Moussodia s’est fendu d’un oxymore : participer aux élections vous donne la crédibilité de contester les résultats.
Pour Moussodia, le débat sur le « hold-up électoral  » de 2016 est aujourd’hui « révolu  ». « Sur le plan international, c’est Denis Sassou Nguesso qui est reconnu comme le Président du Congo-Brazzaville », justifie-t-il, dénonçant l’incohérence de ceux qui estiment que le chef de l’État est «  illégitime  » mais qui « n’hésitent à pas demander de dialoguer avec la même personne ». Justement, rusé comme un serpent, Sassou sait qu’accepter le dialogue c’est signer son arrêt de mort politique.

« Nous, nous avons décidé de participer aux élections parce que cela nous donnera demain la légitimité de contester les résultats, si nous nous estimons lésés  », renchérit le député.

Bel euphémisme !

Mais, qu’est devenue la plainte déposée auprès de la Cour Constitutionnelle africaine par Guy Brice Parfait Kolélas après la victoire controversée de Denis Sassou Nguesso ?

Même son de cloche ou presque du côté de l’Union panafricaine pour la démocratie sociale (UPADS). Autrefois l’une de principales forces politiques du Frocad, le parti conduit par Pascal Tsaty Mabiala bat campagne pour les législatives du 16 juillet 2017. « Nous sommes un parti de gouvernement, nous ne sommes pas pour une opposition de rue, parce que nous avons un projet alternatif pour le Congo à défendre  », explique son porte-parole, Honoré Sayi (Jeune Afrique, 5 juillet 2017).

Le Leader de l’UDH Youki joue gros. Guy Brice Parfait Kolelas doit à la fois guerroyer contre son frère de lait Euloge Landry Kolelas et Pascal Tsaty Mabiala.

D’abord, contre Pascal Tsaty Mabiala à l’occasion des législatives et des locales du 16 juillet 2017. Entre les deux, une course à l’échalote est engagée pour le leadership de l’Opposition. A qui va échoir le statut du chef de l’opposition et les avantages y afférant ? Ensuite, contre Euloge Landry Kolelas du MCDDI. Un match, arbitré par Denis Sassou Nguesso, se joue dans l’hémicycle entre les deux frères. Qui obtiendra le plus grand nombre de députés ? Denis Sassou Nguesso saura-t-il récompenser ses serviteurs les plus zélés ?
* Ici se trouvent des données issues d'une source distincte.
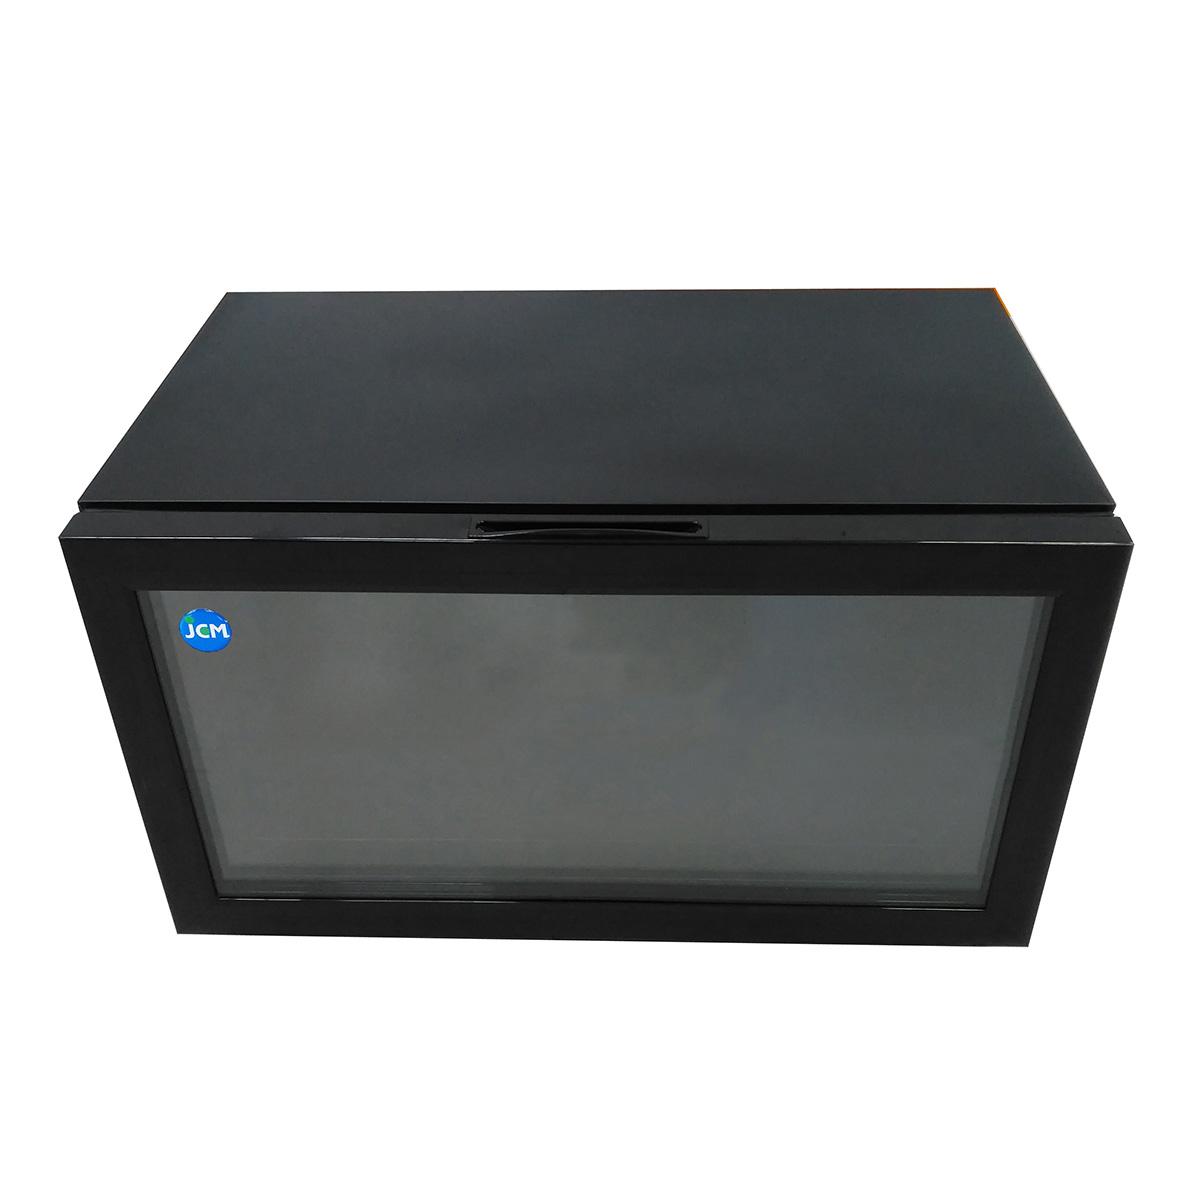 JCM 卓上型冷蔵ショーケース JCMS-36 36L 業務用 冷蔵 保冷庫 ショーケース 卓上型 【代引不可】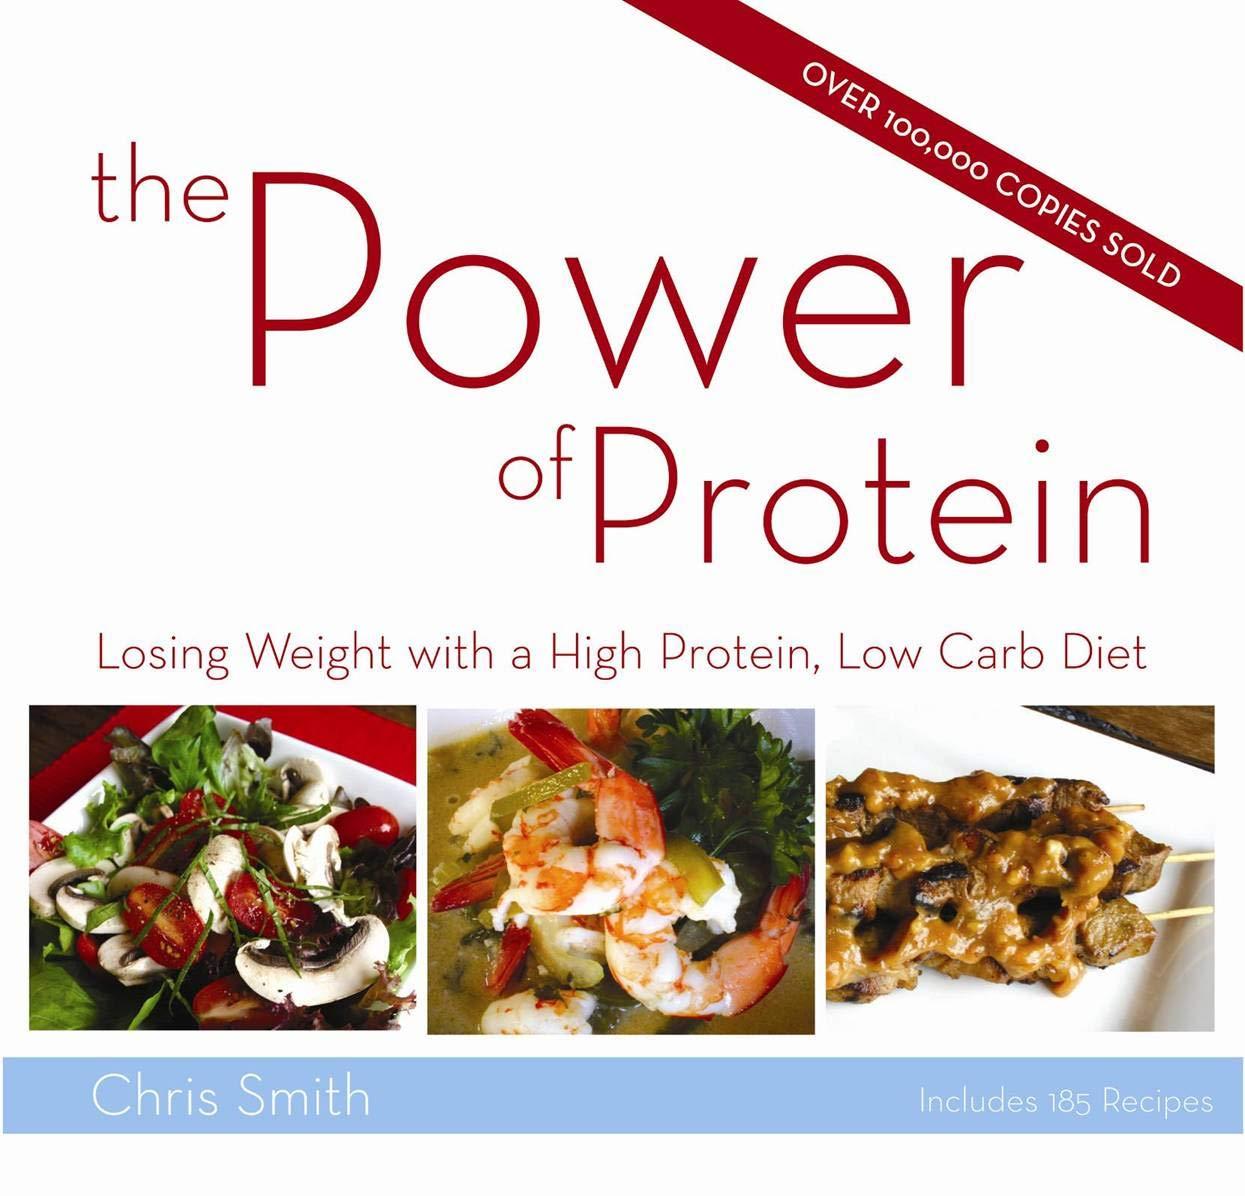 Power of Protein: Smith, Chris: 9781741105704: Amazon.com: Books

Les deux camps de l’opposition ont des arguments à faire valoir. Denis Sassou Nguesso n’a fait aucune concession et déroule son calendrier. Devrait-on participer à des élections dont les dés sont pipés et les résultats connus d’avance ? Devrait-on faire fonctionner un parti politique sans élus et donc sans argent ? Des formations politiques privées de représentants dans les différentes structures politiques et administratives peuvent-elles être considérées comme des coquilles vides ?

Sassou aura-t-il la magnanimité de nommer un nombre suffisant de députés Youki pour former un groupe parlementaire ? On craint que non. Dans ce cas s’il y va ce serait pour un plat de lentilles.

Même privés d’élus et de fonds, l’UDH Youki et l’UPADS resteront les plus grands pourvoyeurs de militants et sympathisants. Ces deux formations politiques brillent par leur capacité de mobilisation et de nuisance aussi. La politique de la chaise vide peut se révéler comme un couteau à double tranchant. La stratégie du béni oui oui devrait être utilisée à bon escient avec cette crainte que Sassou ne prenne toute l’Opposition pour du pain bénit.